While absolute pacifists must be respected in the integrity of their convictions, a nation cannot pursue a policy of pacifism in practice, but what it can do is to limit its military commitments to those necessary to defend its own interests without being drawn into wider alliances.  A realistic assessment of Ireland’s defence requirements would be that, firstly as an importing nation, Ireland must act in concert with other countries to safeguard the freedom of the high seas with freedom of passage and freedom of trade; and secondly, that Ireland must work closely with the United Kingdom in the defence of our shared archipelago.  The first is principally a diplomatic task but might well involve naval activity against either state or non-state parties.  The second is largely fulfilled already by Irish volunteers within the British armed forces, but formalised defence and intelligence cooperation with an explicit territorial limitation is highly desirable. On the strength of what I have already said, I must add that the only way for Ireland to reject the big bloc alliances that lead inexorably to war, and to fulfil the ‘international vocation in support of peace and security’ to which  the amendment seeking to stall accession to the Partnership for Peace referred all those years ago would be for Ireland to reject the European Union in favour of open and peaceable relations with the world at large.  

 

The Constitution with its ambiguities, verbal gymnastics, get out clauses and general two facedness is unworthy of its preamble which should be a constant inspiration to us all:

 

In the Name of the Most Holy Trinity, from Whom is all authority and to Whom, as our final end, all actions both of men and States must be referred,

We, the people of Éire,

  Humbly acknowledging all our obligations to our Divine Lord, Jesus Christ, Who sustained our fathers through centuries of trial,

 

Gratefully remembering their heroic and unremitting struggle to regain the rightful independence of our Nation,

And seeking to promote the common good, with due observance of Prudence, Justice and Charity, so that the dignity and freedom of the individual may be assured, true social order attained, the unity of our country restored, and concord established with other nations,

Do hereby adopt, enact, and give to ourselves this Constitution.

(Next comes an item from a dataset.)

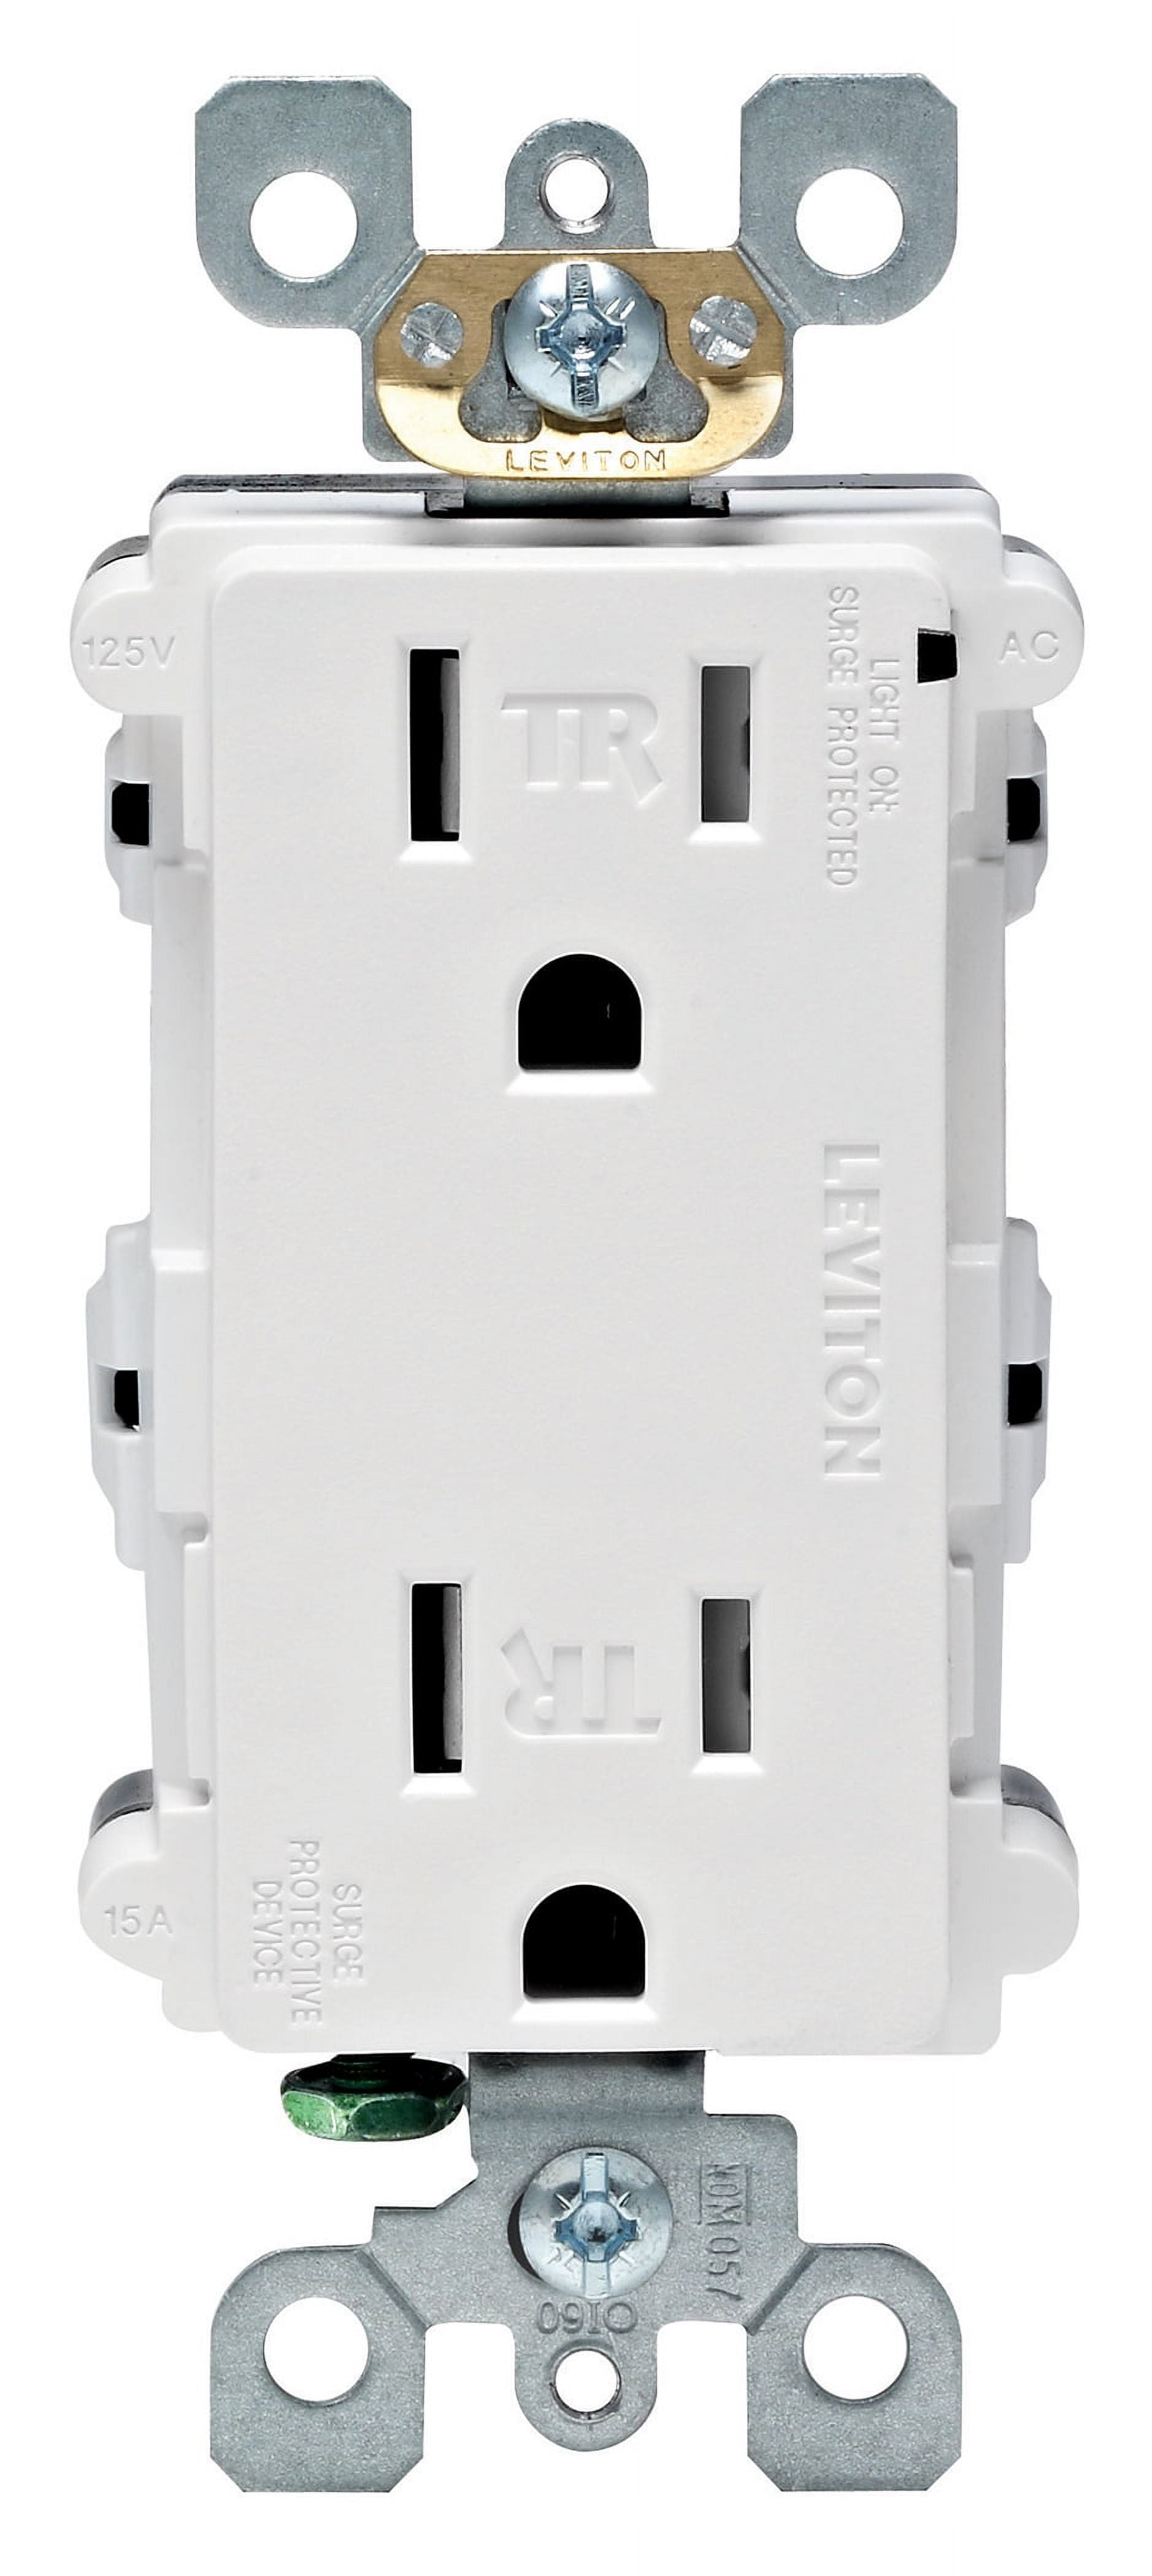 Leviton 2-Outlet White Socket with Pull Chain R52-01406-00W - The
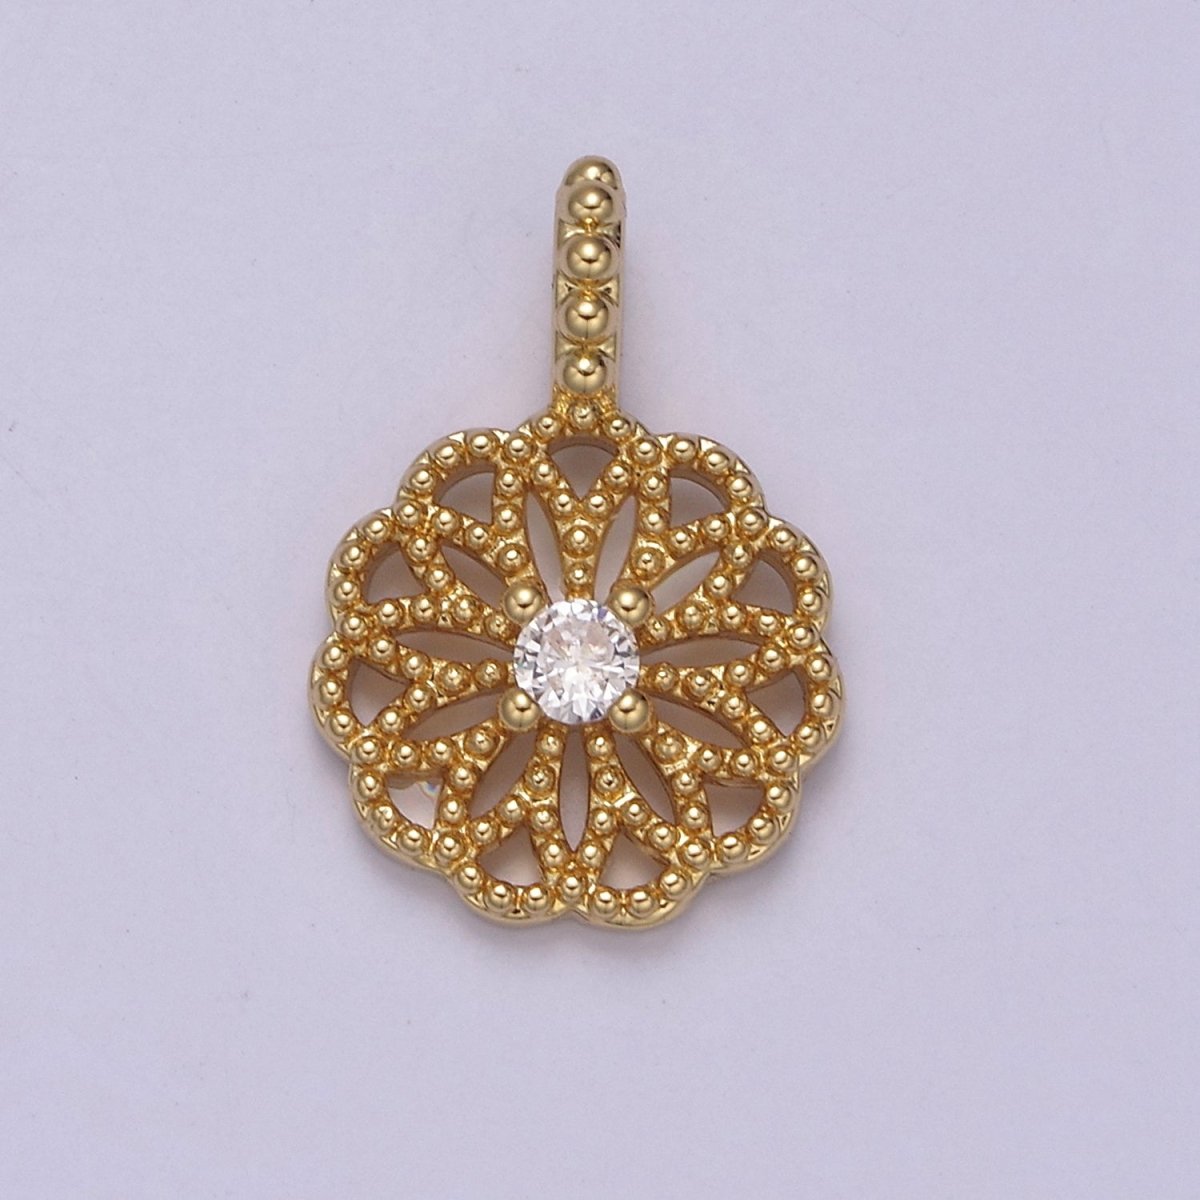 24K Gold Filled Floral Beaded Pendant with Clear CZ in the center for Minimalist Jewelry I-893 - DLUXCA

Which should be a constant inspiration to us all.

 

When the election comes make your vote worthy of it and reject the siren voices; remember your obligation to our Saviour; follow your duty to promote the common good with due observance of prudence, justice and charity; and observe your own calling to seek peace at home and abroad.  In all your choices, electoral, social and personal choose Christ.  Vote only for candidates who support Irexit as part of your commitment to peaceable relations between, sovereign nations, and to the level of independence that should be the natural concomitant of Ireland’s geographical, historical and cultural circumstances.